August 2, 2017

Commentary on the Book of Genesis

By: Tom Lowe

 

PART IV: JOSEPH AND HIS BRETHREN (Gen. 37:1-50:26)

Topic #E: THE MIGRATION INTO EGYPT. (Gen. 46:1-47:21)                                                   

                                                                                                                                              

Lesson IV.E.4: Offspring by Rachel. (Genesis 46:19-22)                                     

 

Genesis 46:19-22 (KJV)

19 The sons of Rachel Jacob's wife; Joseph, and Benjamin.

20 And unto Joseph in the land of Egypt were born Manasseh and Ephraim, which Asenath the daughter of Potipherah priest of On bare unto him.

21 And the sons of Benjamin were Belah, and Becher, and Ashbel, Gera, and Naabe hhe heads man, Ehi, and Rosh, Muppim, and Huppim, and Ard.

22 These are the sons of Rachel, which were born to Jacob: all the souls were fourteen.

 

Introduction

To the first readers of Genesis, the names in verses 19-22 mean something.  This is a list of the sons of Jacob born to his favorite wife, Rachel.

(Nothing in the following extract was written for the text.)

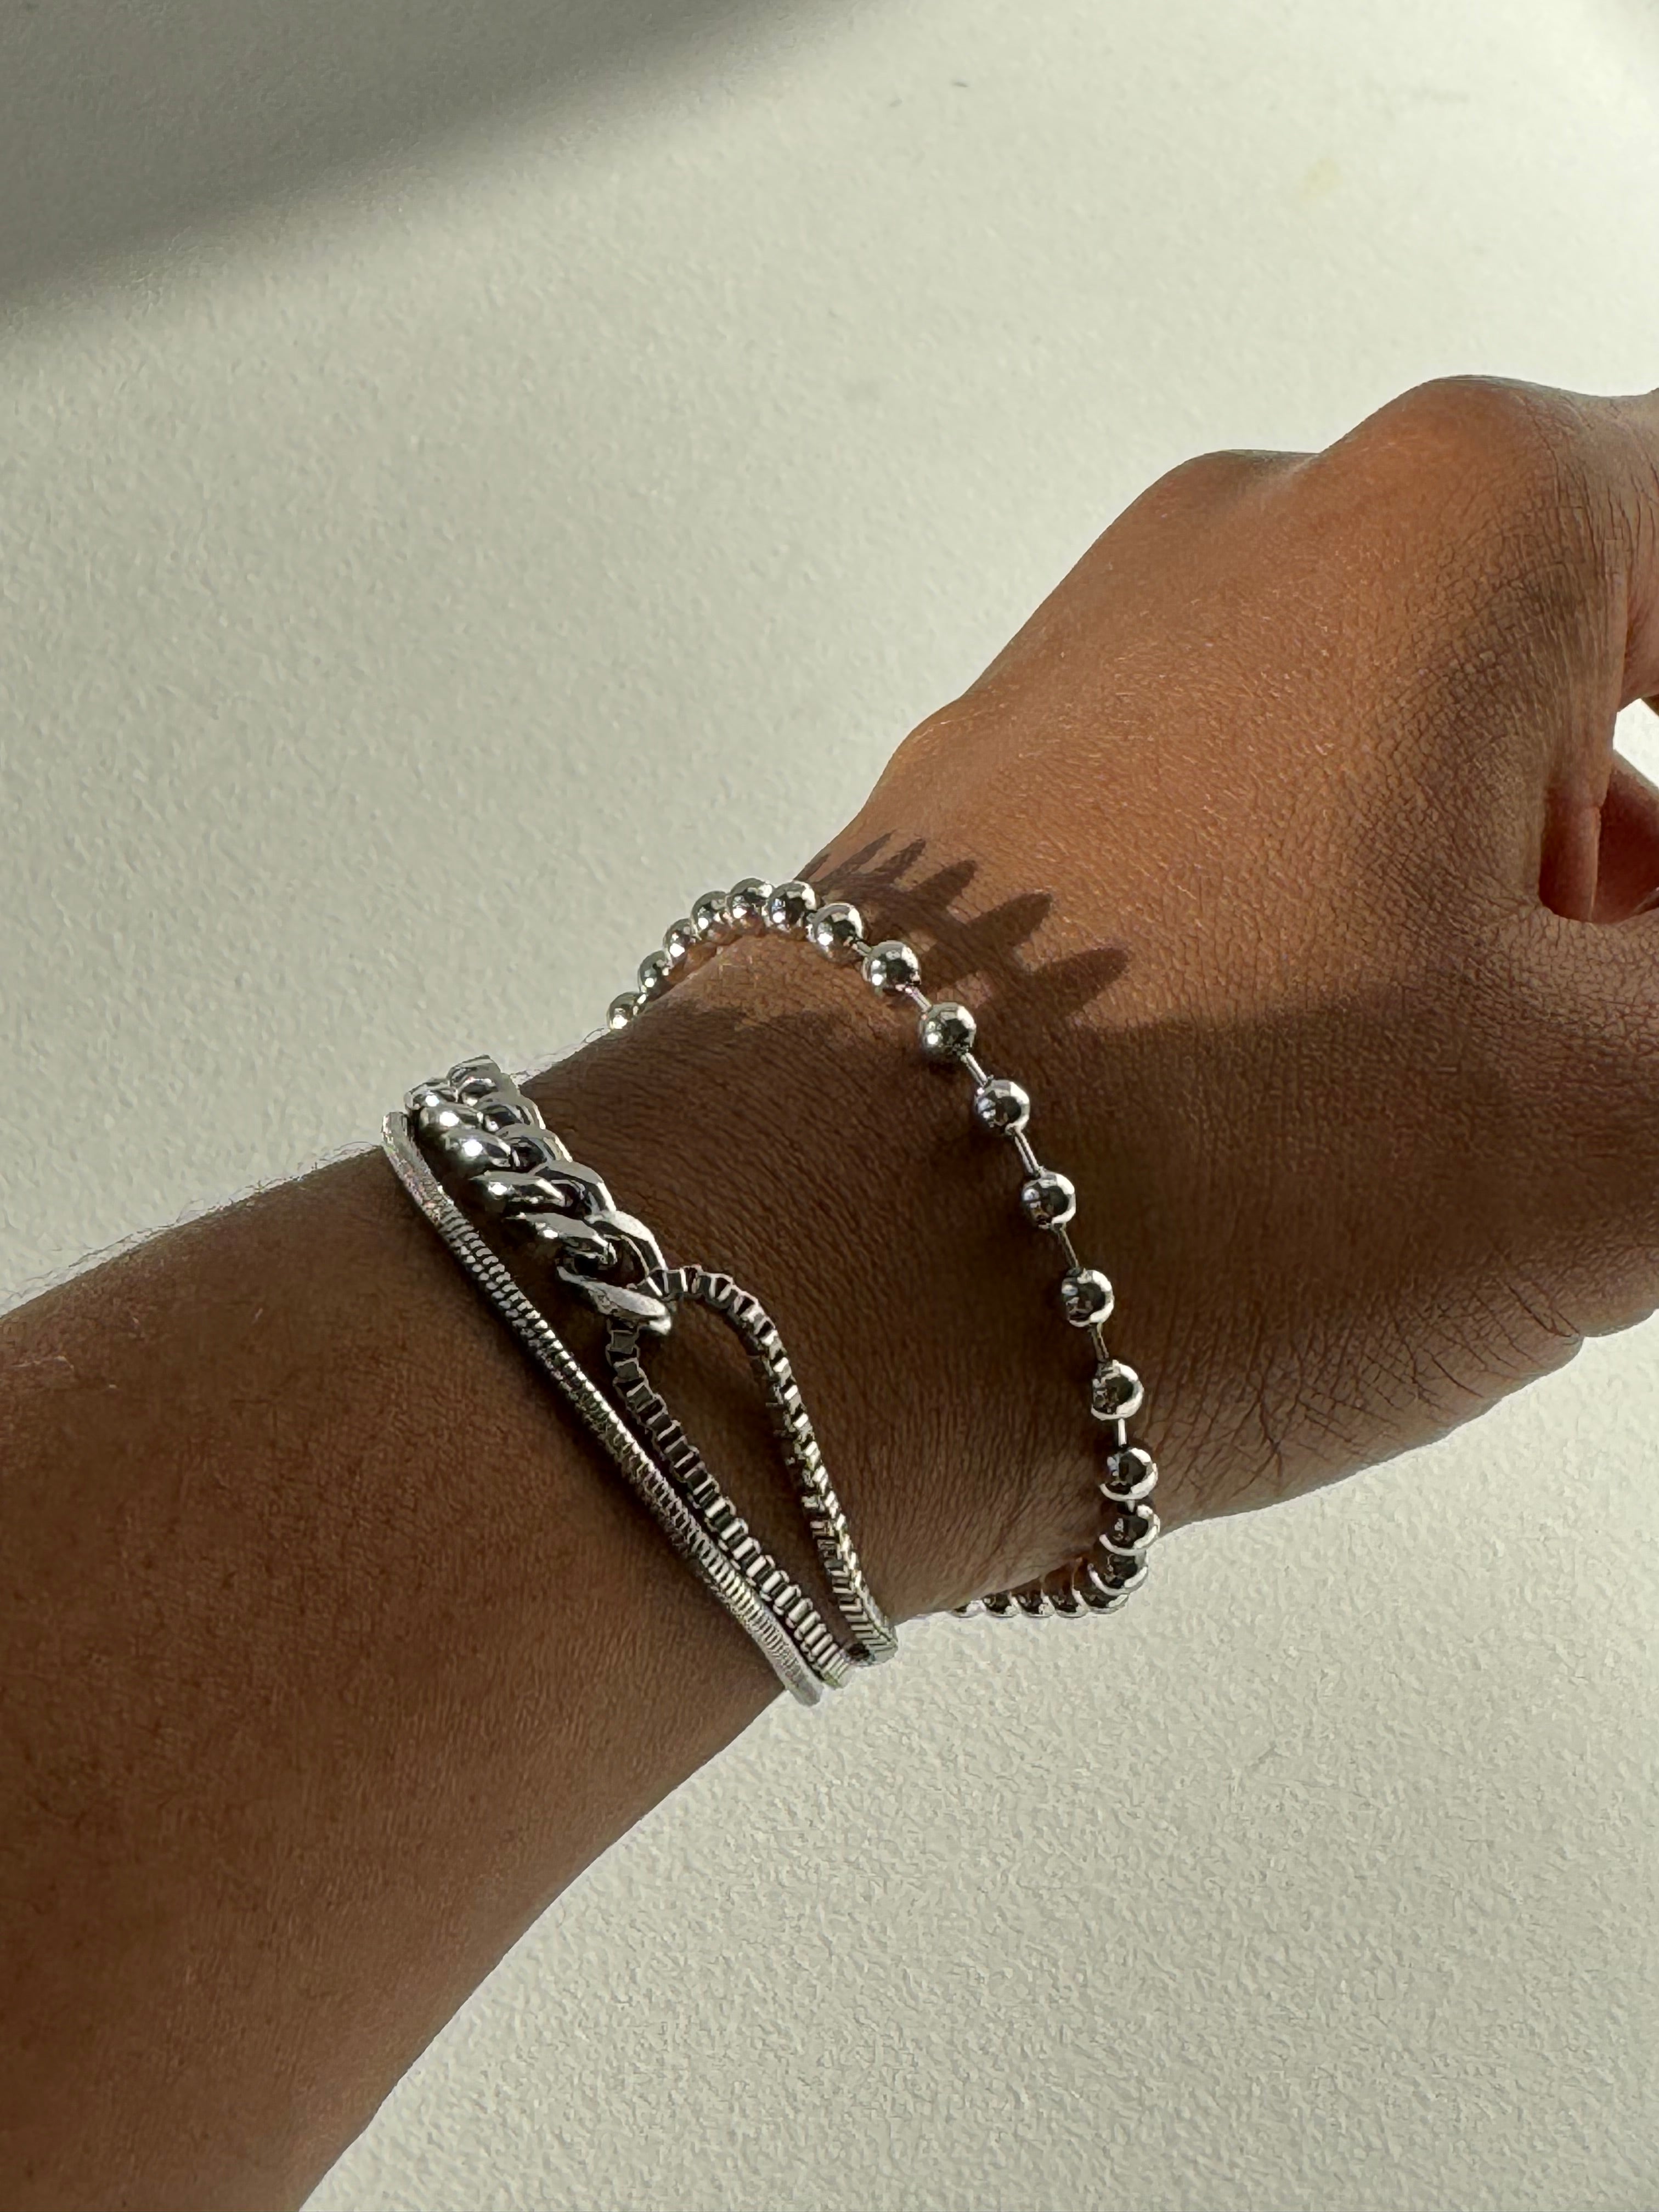 92.5% Casual Wear Pure Silver Bracelet, 20 Gram at Rs 170/gram in Jaipur |  ID: 23009453430

She bore him two sons, Joseph, and Benjamin. “And unto Joseph in the land of Egypt were born Manasseh and Ephraim, which Asenath the daughter of Potipherah priest of On bare unto him” (21). These two sons of Joseph would not only be the head of a major family group, but would lend their name to two of the twelve tribes that later formed the nation of Israel.  Every Hebrew knew his family ancestry.  The division of labor, the organization of the army, and the parceling of the land all were done according to tribe.  This list of names reminds original readers of their identity as God’s people in fulfilling His purposes. In the 400 or so years from Jacob’s time to Moses’, the number of Israelites had mushroomed from 70 to more than two million!

 

Commentary

19 The sons of Rachel Jacob's wife; Joseph, and Benjamin.

20 And unto Joseph in the land of Egypt were born Manasseh and Ephraim, which Asenath the daughter of Potipherah priest of On bare unto him.

21 And the sons of Benjamin were Belah, and Becher, and Ashbel, Gera, and Naaman, Ehi, and Rosh, Muppim, and Huppim, and Ard.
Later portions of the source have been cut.